→ **AVAILABLE DATA**:
--- START ---

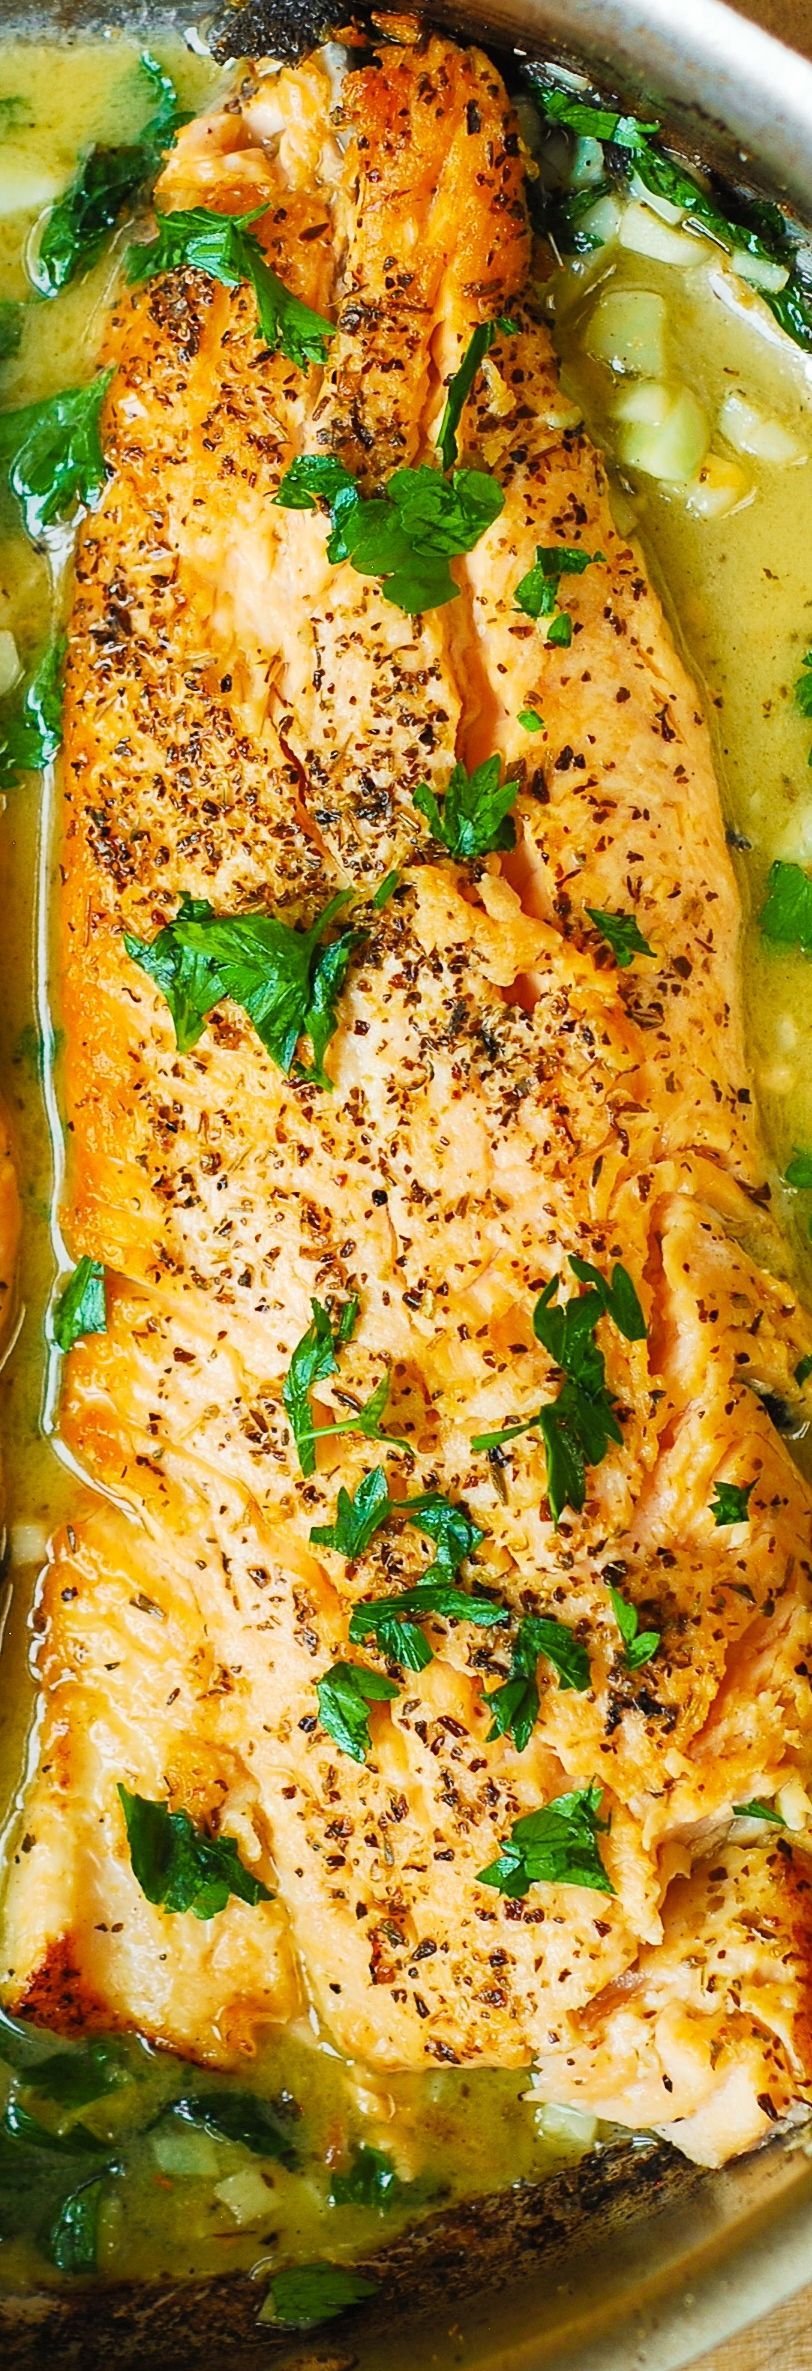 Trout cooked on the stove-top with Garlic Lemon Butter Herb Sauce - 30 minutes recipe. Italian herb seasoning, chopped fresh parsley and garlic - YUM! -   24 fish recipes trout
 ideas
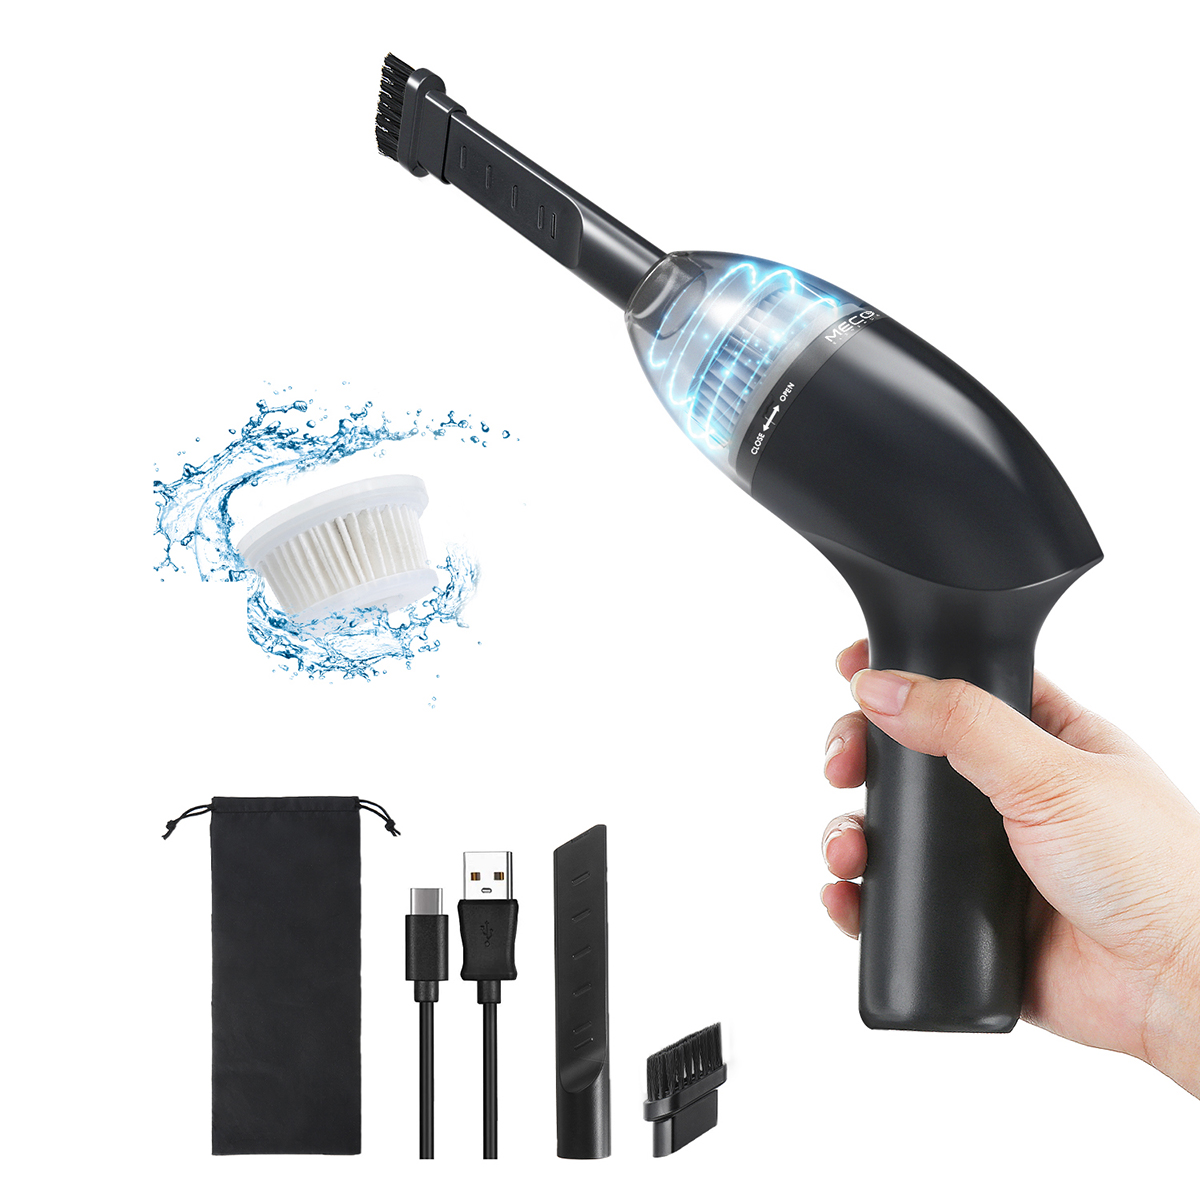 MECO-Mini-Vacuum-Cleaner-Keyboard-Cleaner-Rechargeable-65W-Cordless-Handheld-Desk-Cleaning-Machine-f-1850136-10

--- END ---

→ **TASK**:
Output the listing exactly, without images.

→ **YOUR RESPONSE**:
 Trout cooked on the stove-top with Garlic Lemon Butter Herb Sauce - 30 minutes recipe. Italian herb seasoning, chopped fresh parsley and garlic - YUM! -   24 fish recipes trout
 ideas
 MECO-Mini-Vacuum-Cleaner-Keyboard-Cleaner-Rechargeable-65W-Cordless-Handheld-Desk-Cleaning-Machine-f-1850136-10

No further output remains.